4062575523 加藤 昭吉「「計画力」を強くする」、講談社(2007)

お奨め度:★★★★★

「優れた計画を立案し、その通りに 実行したり実行させる能力」と定義した計画力を高める方法を体系的に整理した一冊。

ブルーバックスとしてコンパクトにまとめられており、おそらく読者が知りたい肝心の部分が明確に書かれていないような印象を受けるが、計画力を強くするためには、その部分を自分でいろいろと工夫しながら考え抜き、試行錯誤しろということだろう。むしろ、計画法のフレームワークとしてみれば、よくまとめられた一冊だ。

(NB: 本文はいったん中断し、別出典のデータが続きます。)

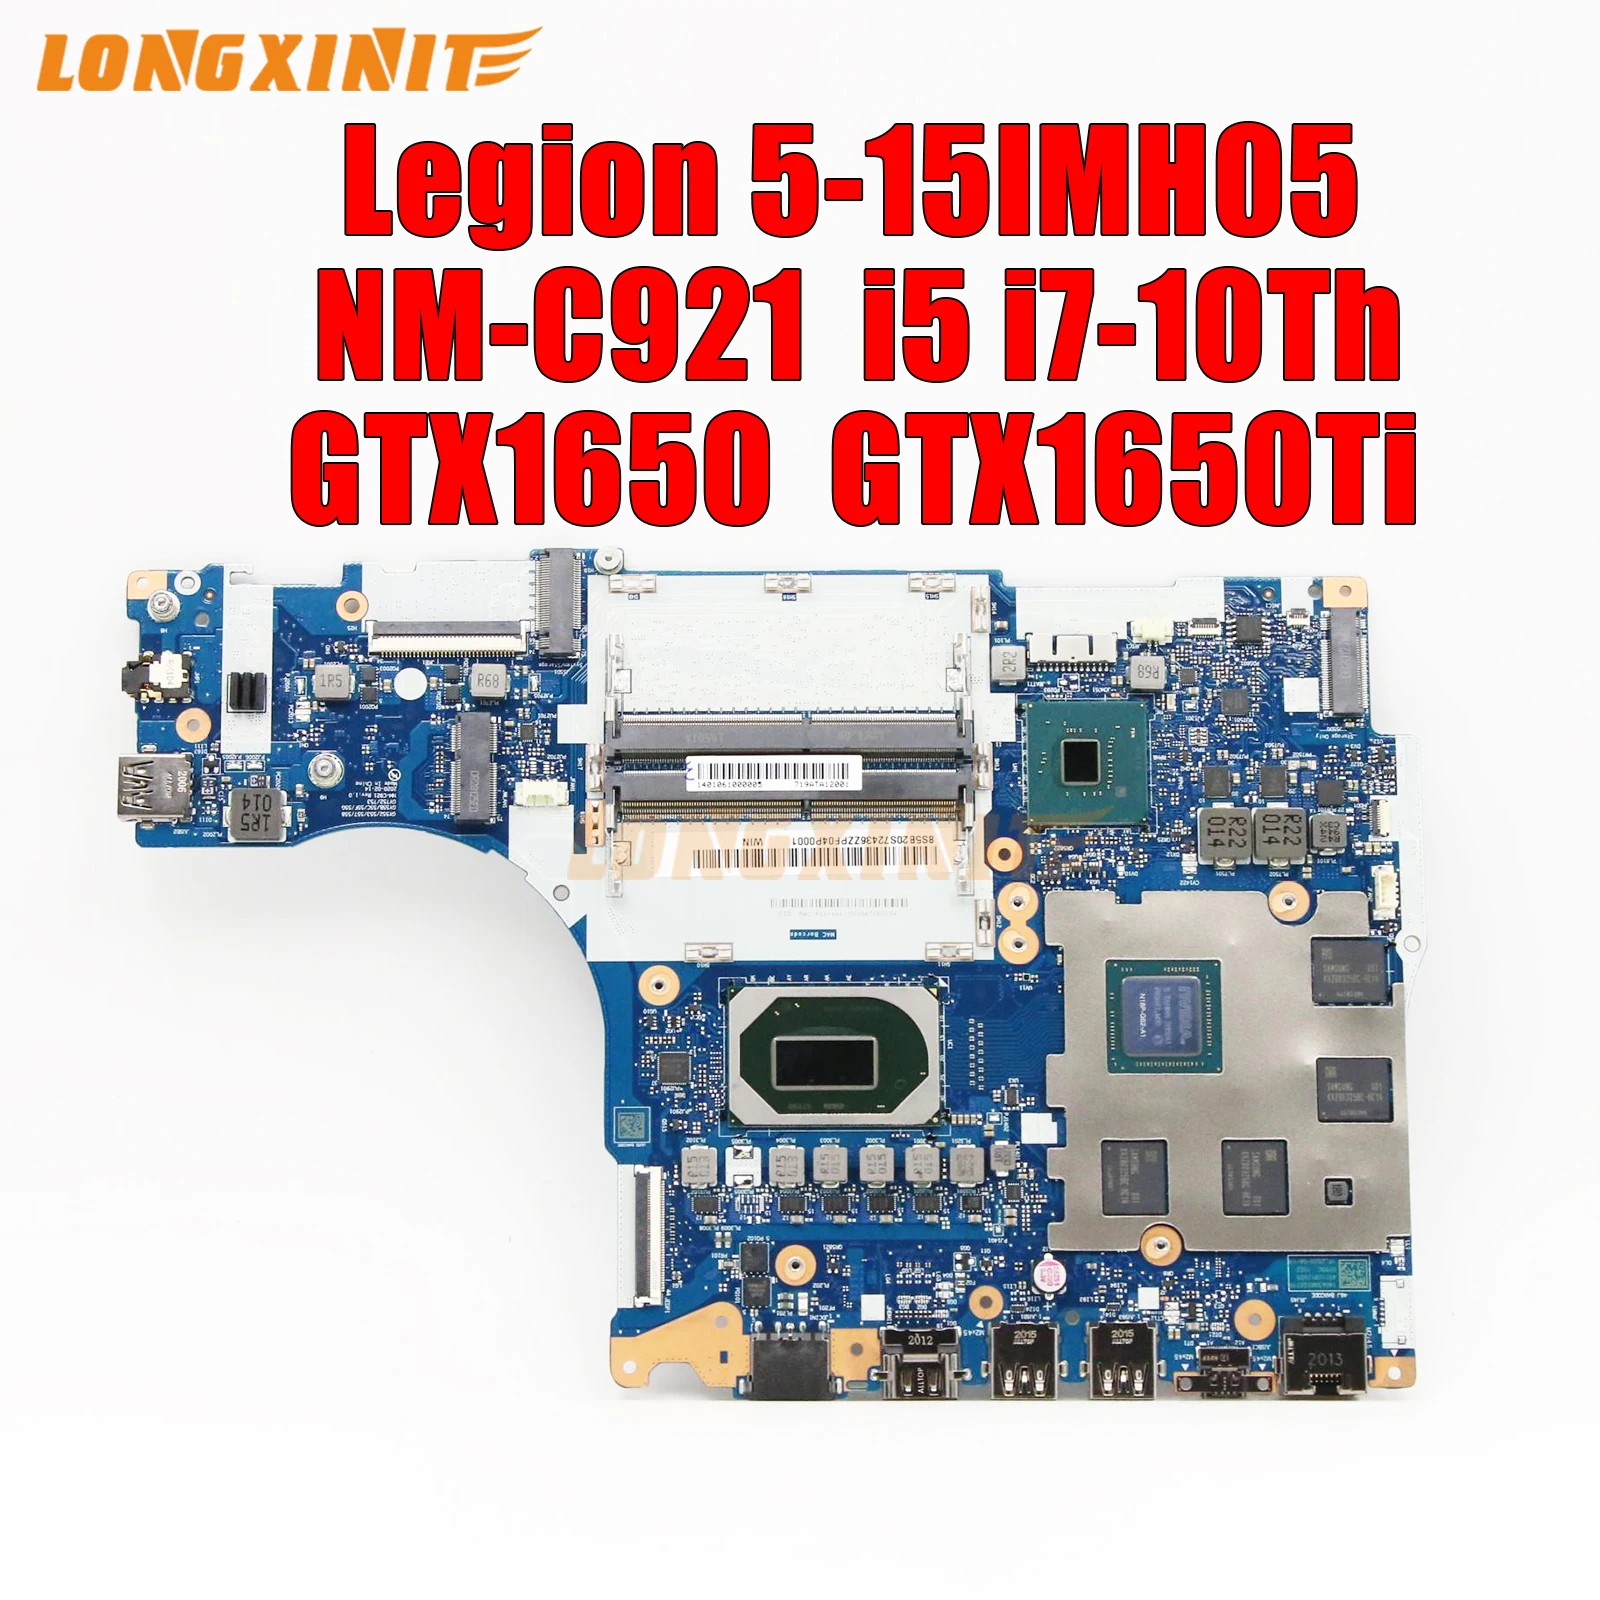 

NM-C921 NMC921.For Lenovo Legion 5-15IMH05 Laptop Motherboard. I5-10200H I7-10750H GPU GTX1650/GTX1650Ti 4G teste 100%.

まず、本書では計画の失敗する理由を計画立案段階と計画実行段階に分けて、9つに分類している。まず、立案段階では、

(1)計画の目的・目標がはっきりしない
(2)頭の中だけで組み立てた計画になっている
(3)状況判断を誤って計画している
(4)目先の問題解決を積み重ねただけの計画になっている
(5)複数の計画案の中から選び抜かれていない

の5つを上げている。また、実行段階では

(6)計画通りに実行する熱意に欠けている
(7)計画実行の勘所をはずしている
(8)「終わり」からの逆算が出来ていない
(9)計画の適切なフォローアップが出来ていない

の5つを上げている。いくつかは思い当たるものがあるのではないだろうか?

このような問題点を踏まえて、計画の枠組みとして、

(1)目的・目標の明確化
(2)構想計画
(3)基本計画
(4)実施計画
(5)実施

としており、それぞれについて、実行する際に注意すべき点を上げている。

まず、目的・目標の明確化においては、

(1)計画の目的・目標を明確にする
(2)目的・目標と手段を取り違えない
(3)目標に期限を設定する

という3つのポイントを上げており、それぞれについて事例を使いながら説明している。

次に計画立案に対して

(1)想像力を働かせて構想する
(2)正しいステップを踏んで立案する
(3)複数の計画案を練る
(4)計画案を正しく評価する
(5)不確実さのリスクをできるだけ回避する

の5つのポイントを上げている。さらに、計画実行においては

(1)計画の勘所を押さえる
(2)計画の人間的側面を配慮する
(3)段取りと計画を大事にする
(4)計画の実行をフォローアップする

の4つを上げている。

本の中では、それぞれのポイントをもう一段だけ、ブレークダウンして、ノウハウにしている。もちろん、それは参考になるのだが、ブレークダウンしたノウハウもハウツー的に書かれているものではないし、この9つのポイントの実現するための方法はそれだけではないと思われる。結局、ここはフレームワークの使い方として自分なりに構築していくしかないのだろう。

著者のいう計画力というのは、結局のところ、考え、行動する能力である。その意味で、複数案を練るとか、計画の評価、リスクの回避というのは手法を使ってやるべきではないだろう。これらを行うことによって考え抜くことが実行できる計画を作るもっとも重要なポイントということになると思われる。

その準備として、まず、自分の計画法を整理し、自分なりのノウハウを構築していくためのスタートにはたいへん、役に立つ本である。